Josh and Racquel sold cookies and brownies at the math club bake sale. The cookies cost $0.47 each, and the brownies cost $0.60 each. They sold a total of 603 items (cookies and brownies) and raised $323.84 Write a system of equations and determine the number of cookies sold and the number of brownies sold.
Could you please show the work on how to do this?
just put the facts into symbols, one item at a time:
cost of c cookies = .47c
cost of b brownies = .60b
c+b = 603
.47c + .60b = 323.84
now, you know that c = 603-b, so
.47(603-b) + .60b = 323.84
283.41 - .47b + .60b = 323.84
.13b = 40.43
b = 311
c = 603-311 = 292
To solve this problem, we can set up a system of equations to represent the given information.
Let's denote the number of cookies sold as "c" and the number of brownies sold as "b".
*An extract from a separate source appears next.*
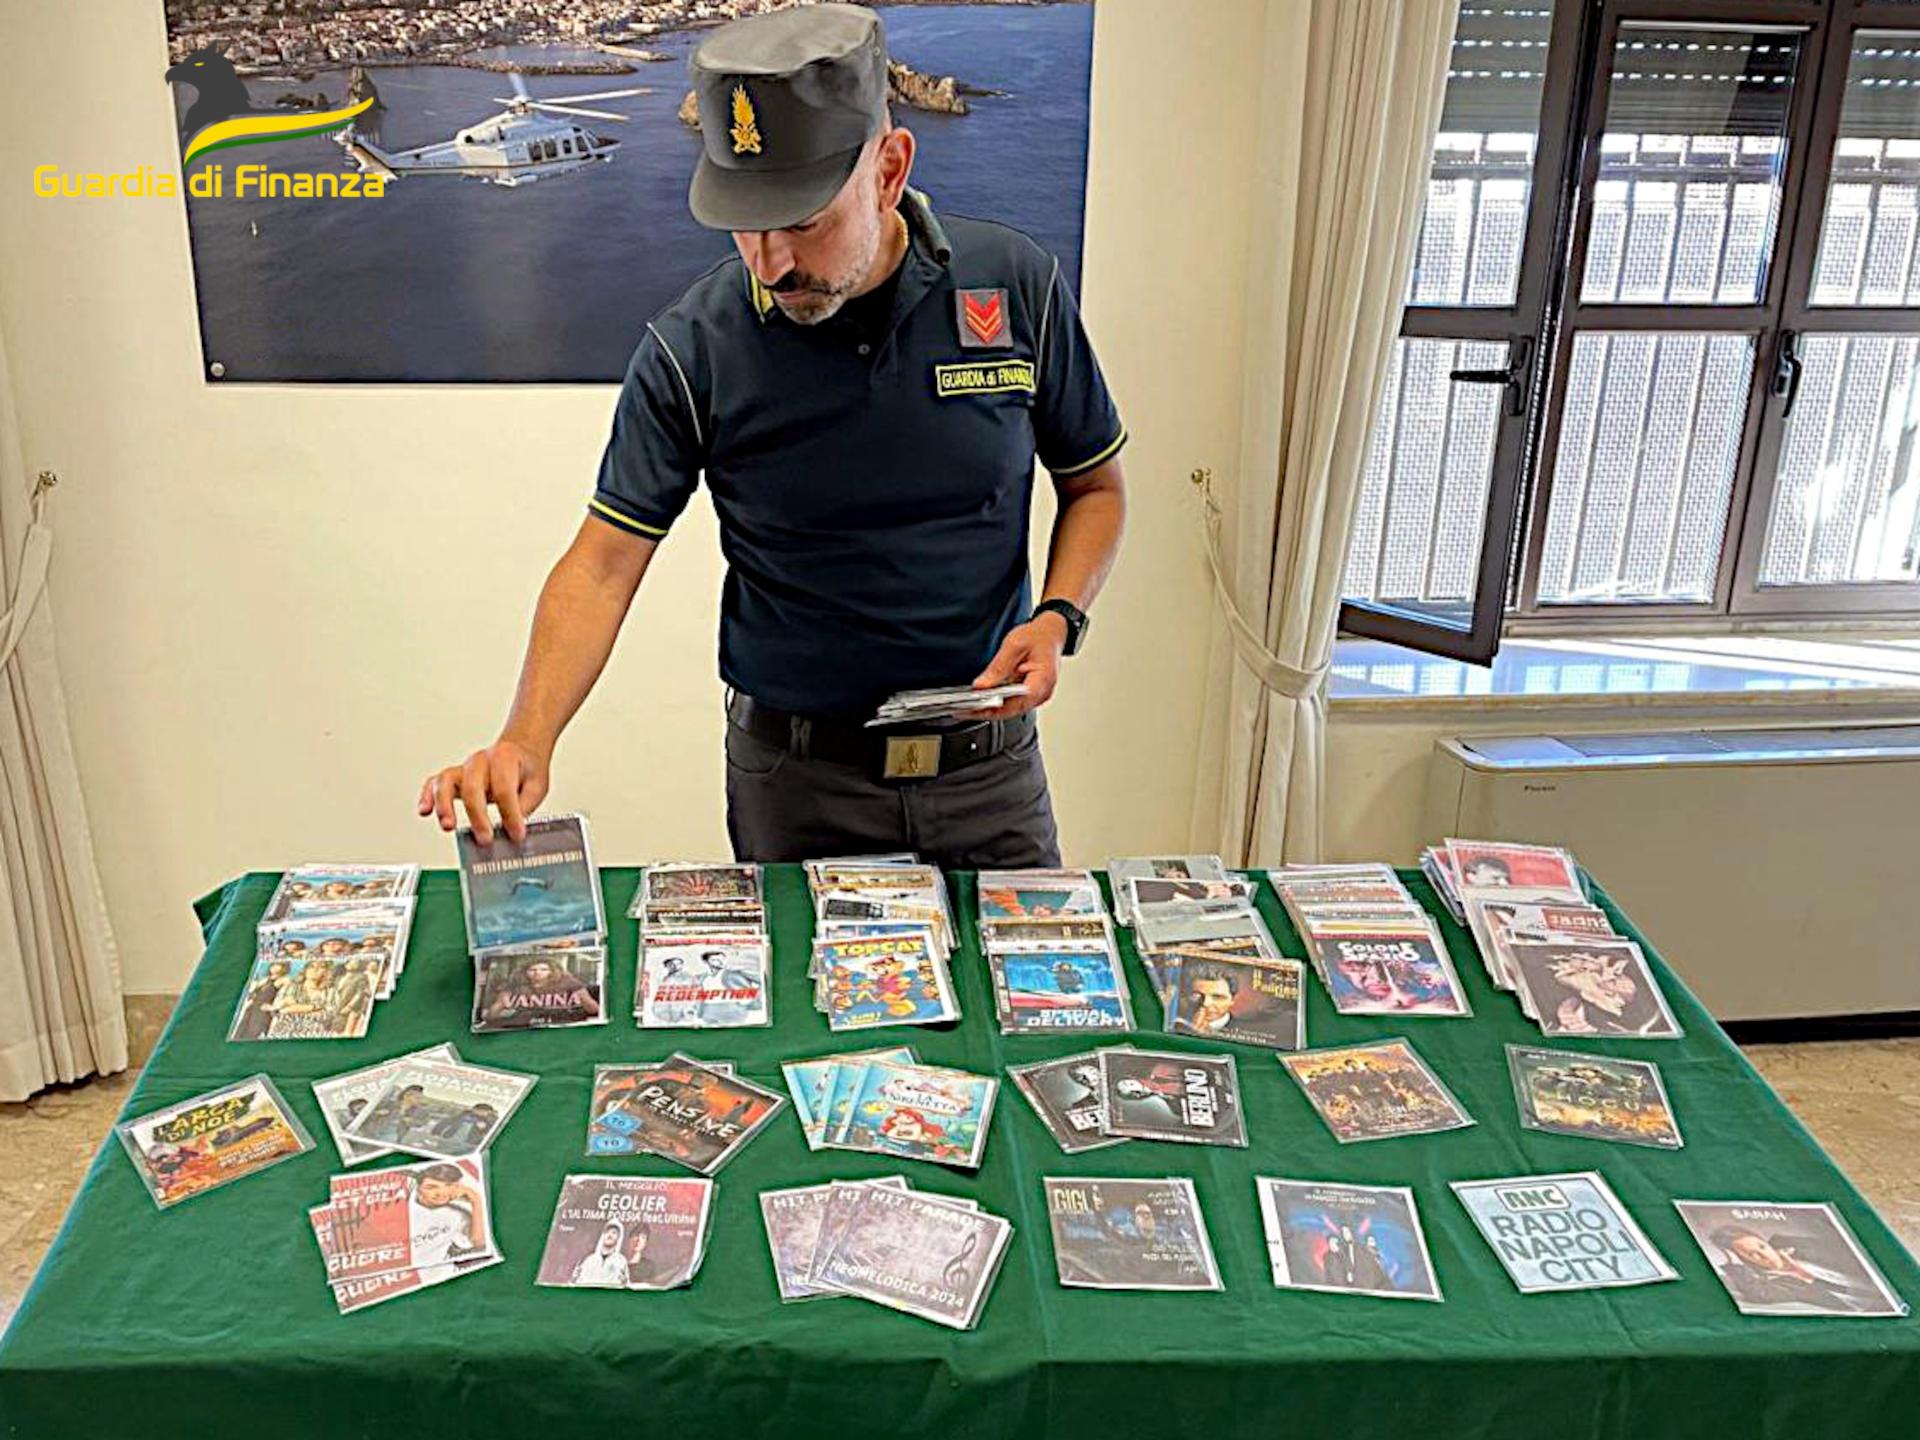 Sequestrati oltre duemila cd e dvd contraffatti, denunciato un catanese

From the given information, we can write two equations:
Equation 1: The total number of items sold is 603 --> c + b = 603
Equation 2: The total amount raised is $323.84 --> (0.47 * c) + (0.60 * b) = 323.84
Now, we have a system of equations:
c + b = 603
0.47c + 0.60b = 323.84
To solve this system of equations, we can use either the substitution method or the elimination method. Let's use the elimination method in this case:
First, let's multiply Equation 1 by 0.47 to make the coefficients of "c" in both equations the same:
0.47(c + b) = 0.47(603)
0.47c + 0.47b = 283.41 --> Equation 3
Now, we can subtract Equation 3 from Equation 2 to eliminate "c":
(0.47c + 0.60b) - (0.47c + 0.47b) = 323.84 - 283.41
0.13b = 40.43
Divide both sides of the equation by 0.13 to solve for "b":
b = 40.43 / 0.13
b ≈ 311.00
Now, substitute the value of "b" back into Equation 1 to find the value of "c":
c + 311 ≈ 603
c ≈ 292.00
Therefore, approximately 292 cookies were sold and approximately 311 brownies were sold.